Unfortunately, no it wasn't. But DAMN, it would be nice...... :smthumbup:


----------



## Conrad (Aug 6, 2010)

Mephisto said:


> Unfortunately, no it wasn't. But DAMN, it would be nice...... :smthumbup:


I'm going to archive it for future reference!


----------



## Entropy3000 (May 11, 2011)

magnoliagal said:


> My husband prefers that I be the gift. Dress up, flirt, be attentive, happy, etc.



B I N G O !!!!!!!!!! :smthumbup:

Trumps anything else for me. She is what does it for me.


----------



## bill2011 (Feb 5, 2011)

All of those are awesome, makes me realize what I'm missing out on.


----------



## WhiteRabbit (May 11, 2011)

i know it's too late for you to use this but one thing H always used to like was when I'd dress up and "forget" my underthings...

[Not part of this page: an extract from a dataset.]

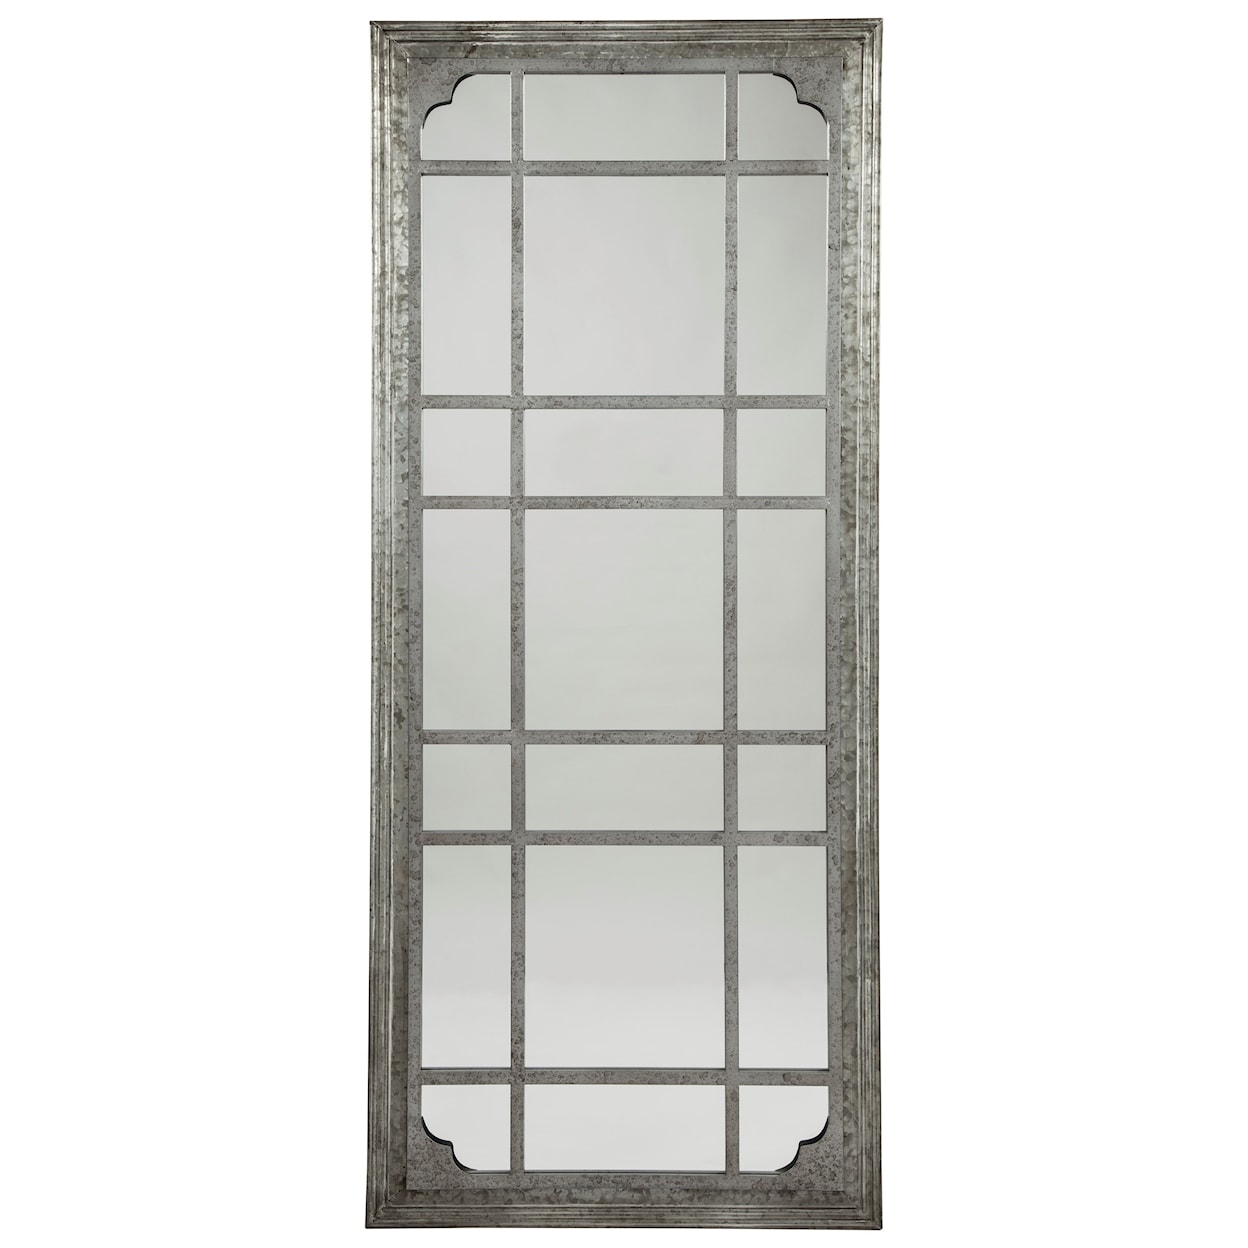 Ashley Furniture Signature Design Accent Mirrors Remy Antique Gray Accent Mirror

halfway through the night i'd whisper that little secret to him and his eyes would light up. obviously you can't do this with a short skirt on..i mean,you could but that'd be trashy.


----------



## Conrad (Aug 6, 2010)

Valentine's Day.

My date in a flaming red tight dress.

When I open the car door for her, she reaches up her dress and removes that article of clothing you're referencing and hands them to me.

I must have looked shocked. She said, "I'm just saving you time"


----------



## Duke (May 15, 2011)

WhiteRabbit said:


> ...obviously you can't do this with a short skirt on..i mean,you could but that'd be trashy.


Not that there's anything wrong with that!


----------